**EXTRACTED INFORMATION**
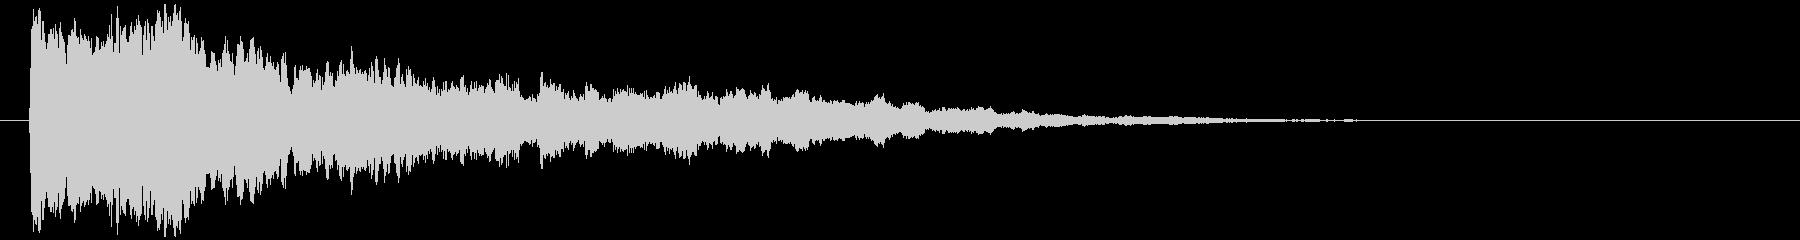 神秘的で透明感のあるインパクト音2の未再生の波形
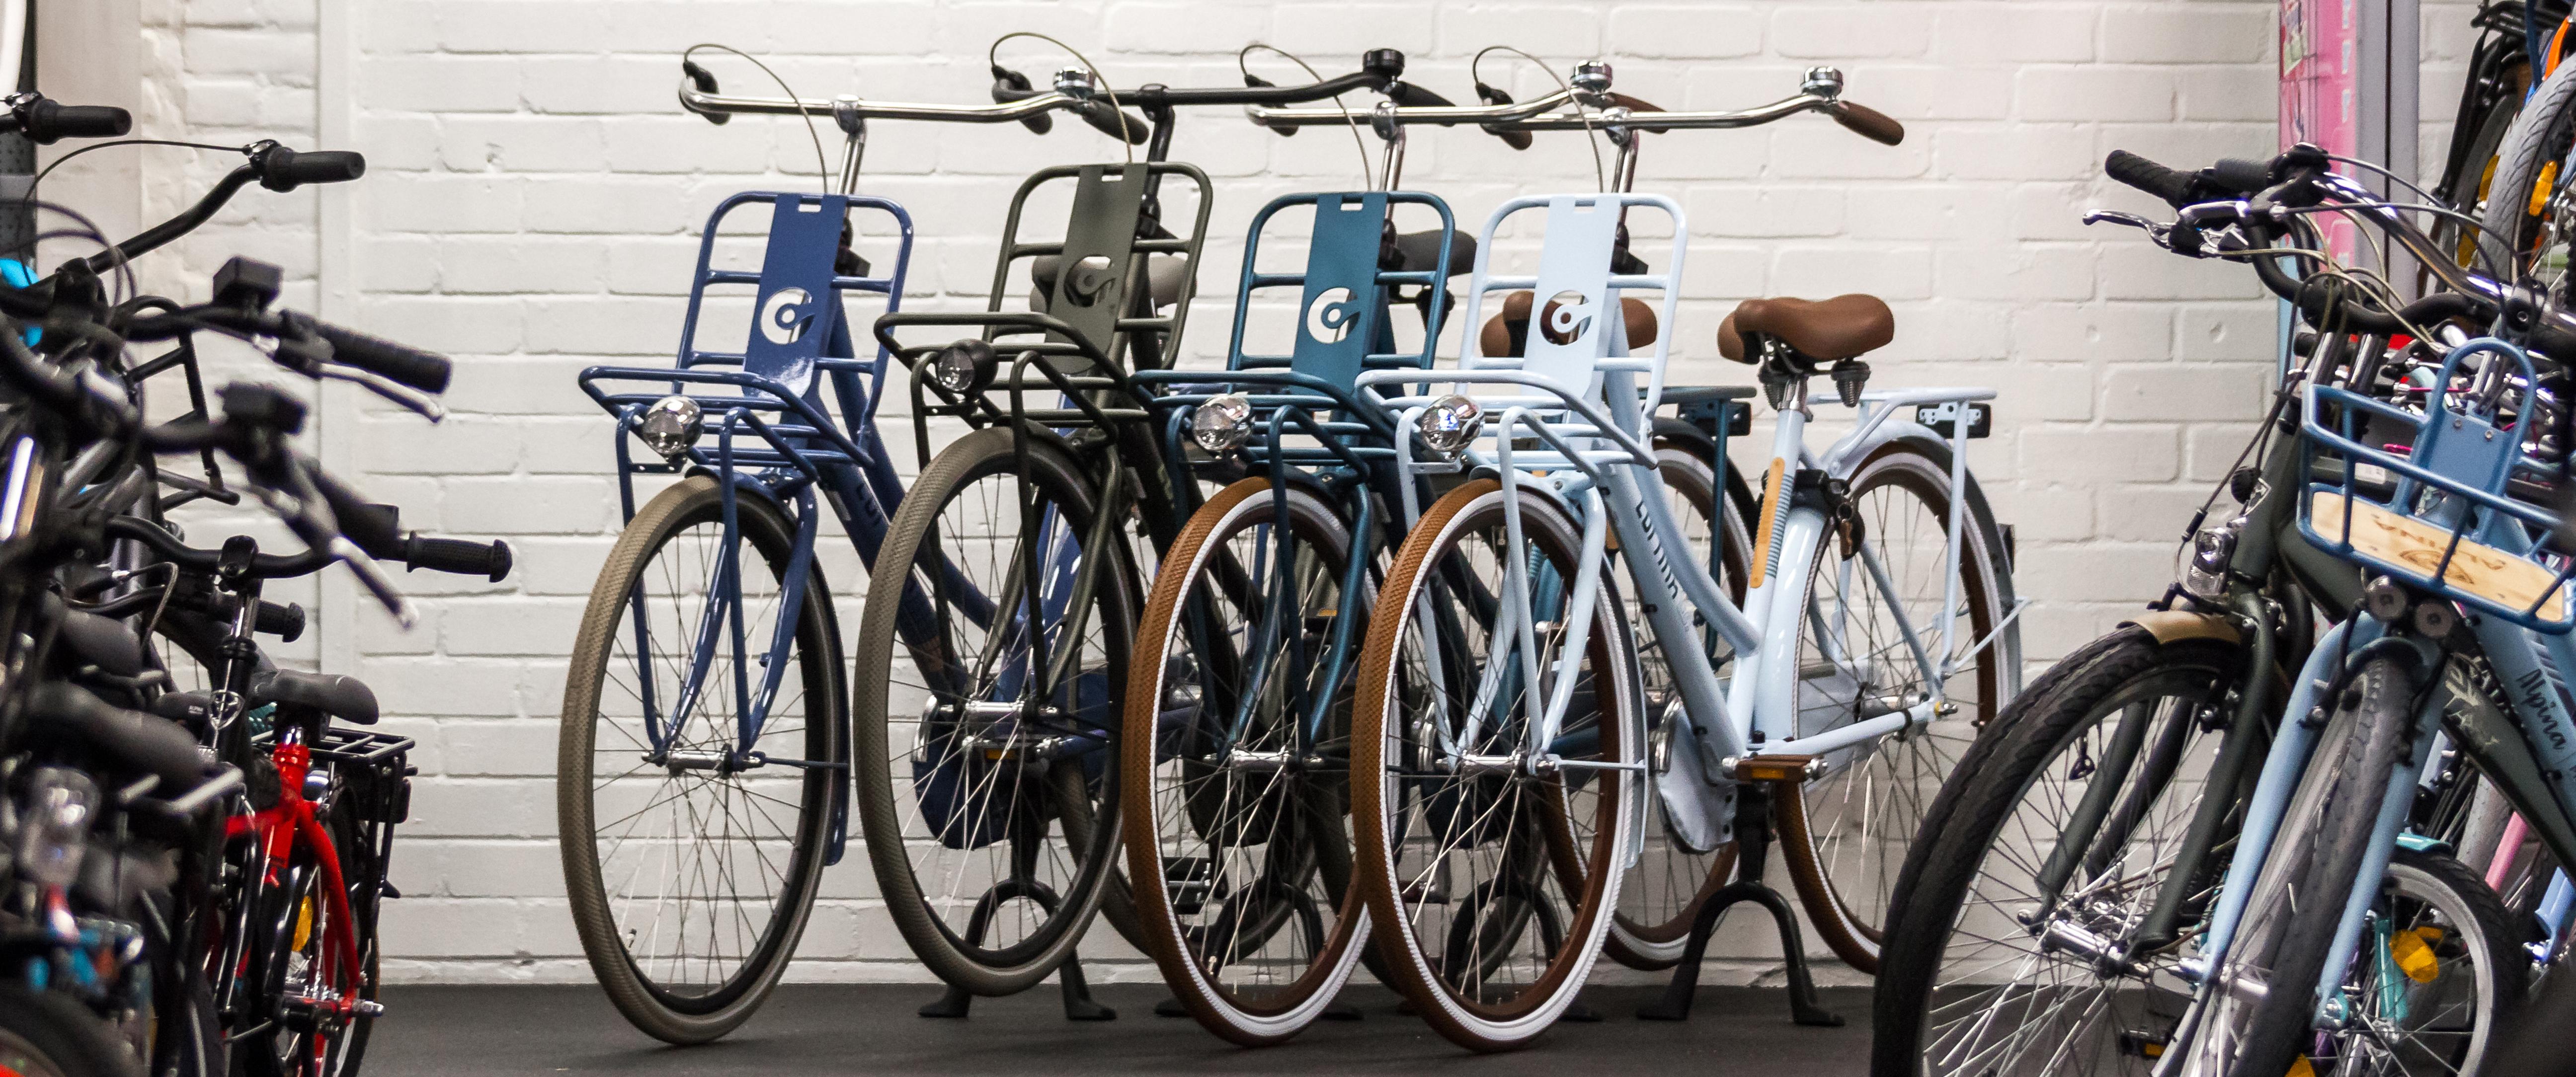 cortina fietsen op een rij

* * *

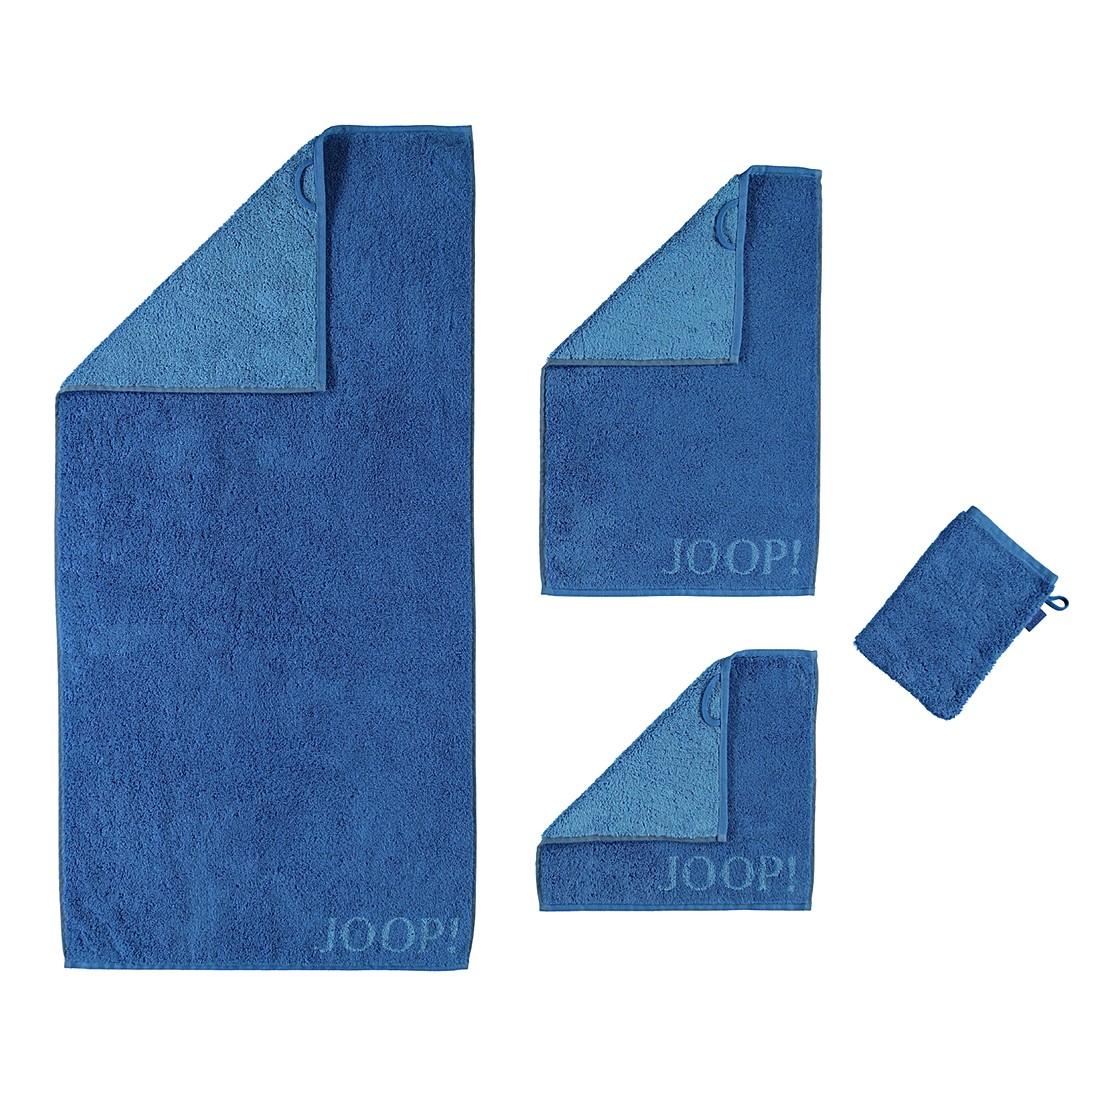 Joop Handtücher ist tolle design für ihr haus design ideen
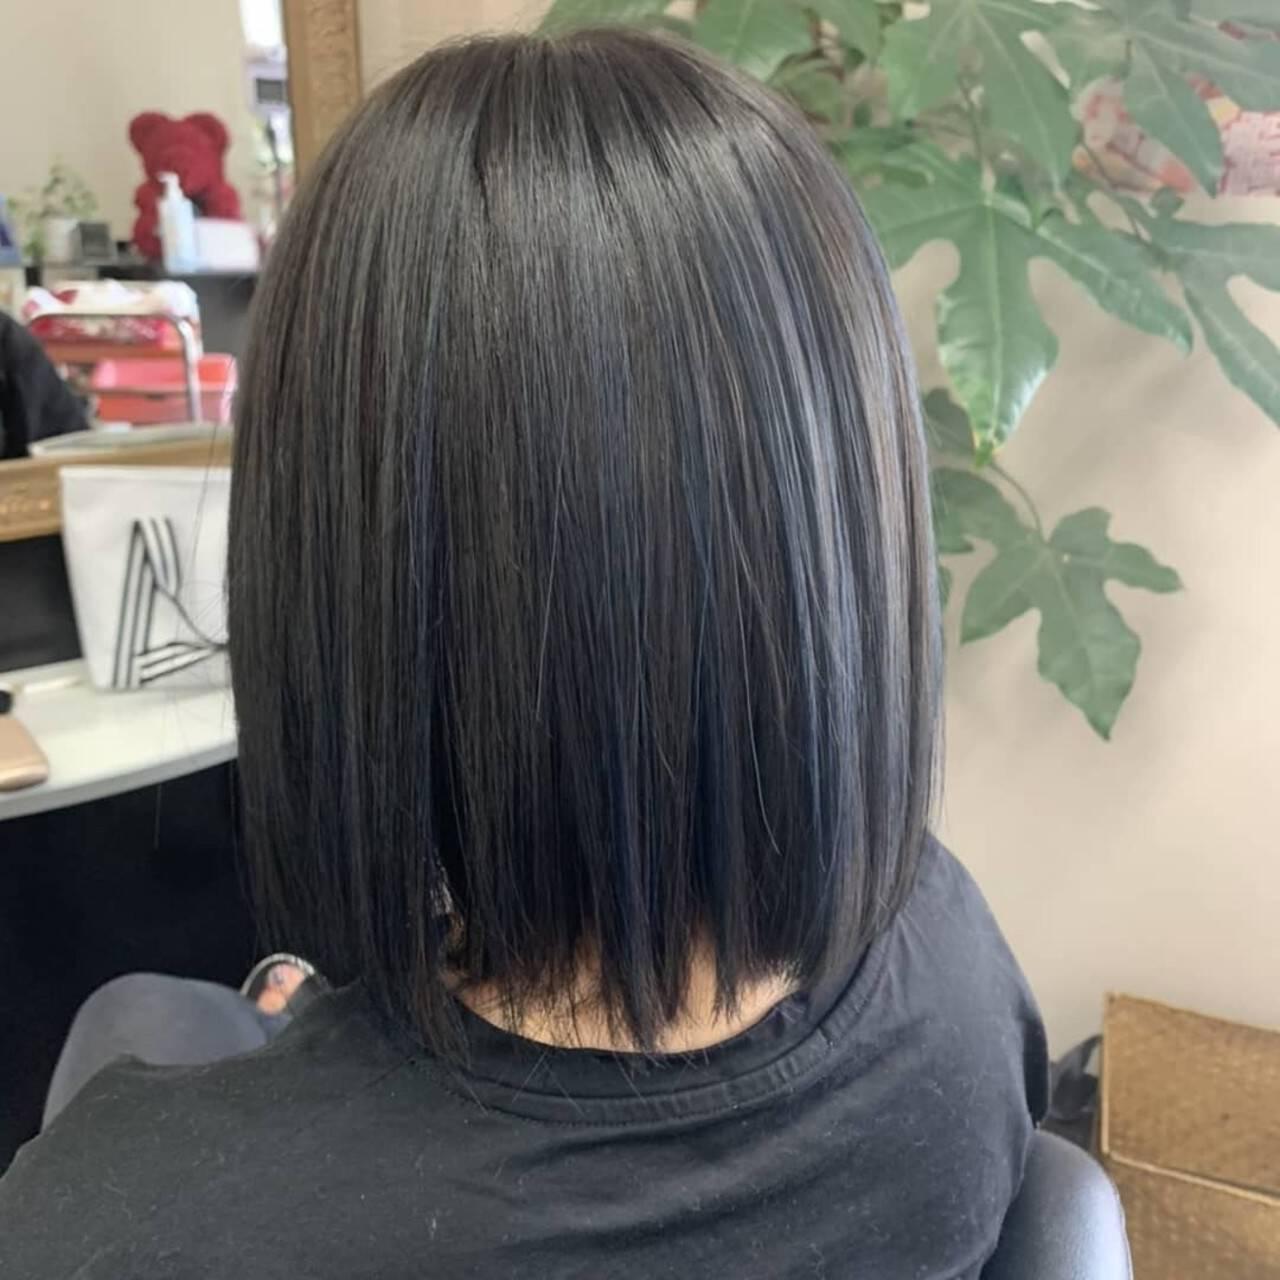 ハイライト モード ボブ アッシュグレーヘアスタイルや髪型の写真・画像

---

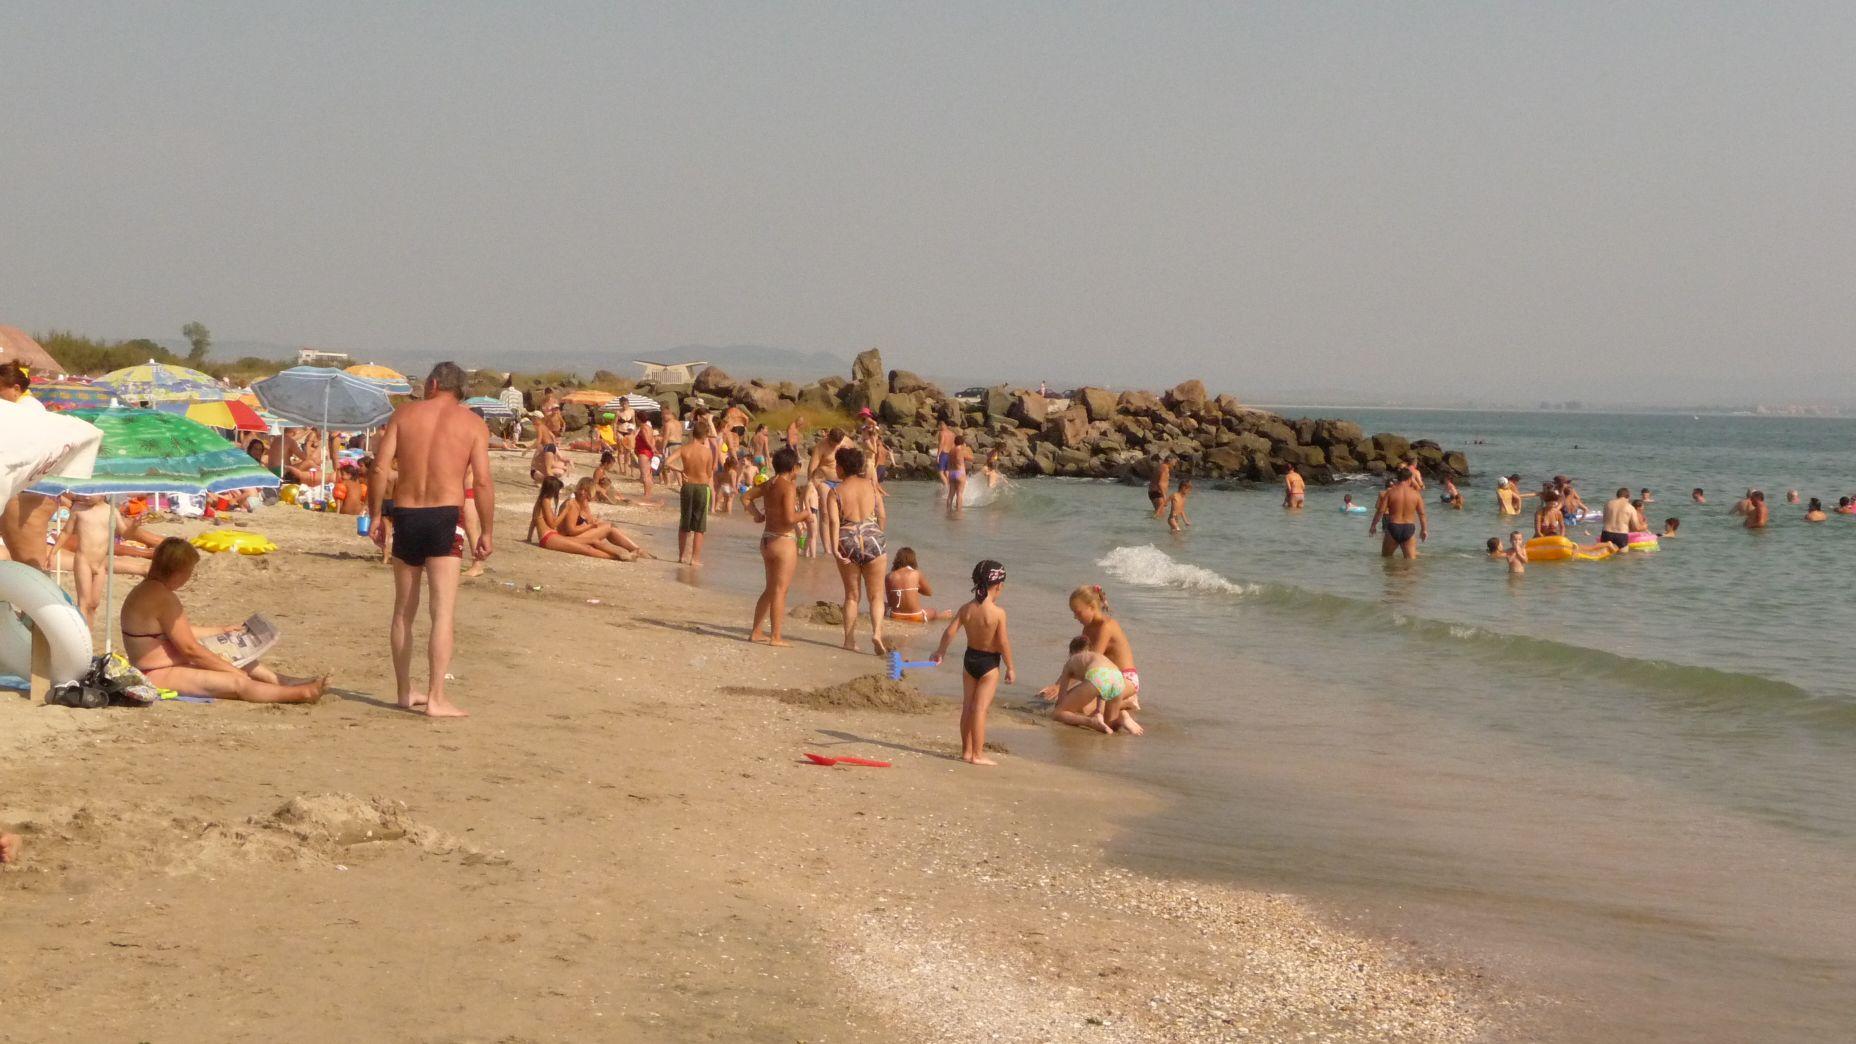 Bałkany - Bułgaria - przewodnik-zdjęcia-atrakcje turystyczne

**TASK INSTRUCTIONS**
Given the records above, return the lines starting at the one that holds "神秘的で透明感のあるインパクト音2の未再生の波形" and ending at the one that holds "cortina fietsen op een rij", exactly, and nothing besides; leave every picture out.

**PROBLEM SOLUTION**
 神秘的で透明感のあるインパクト音2の未再生の波形
 cortina fietsen op een rij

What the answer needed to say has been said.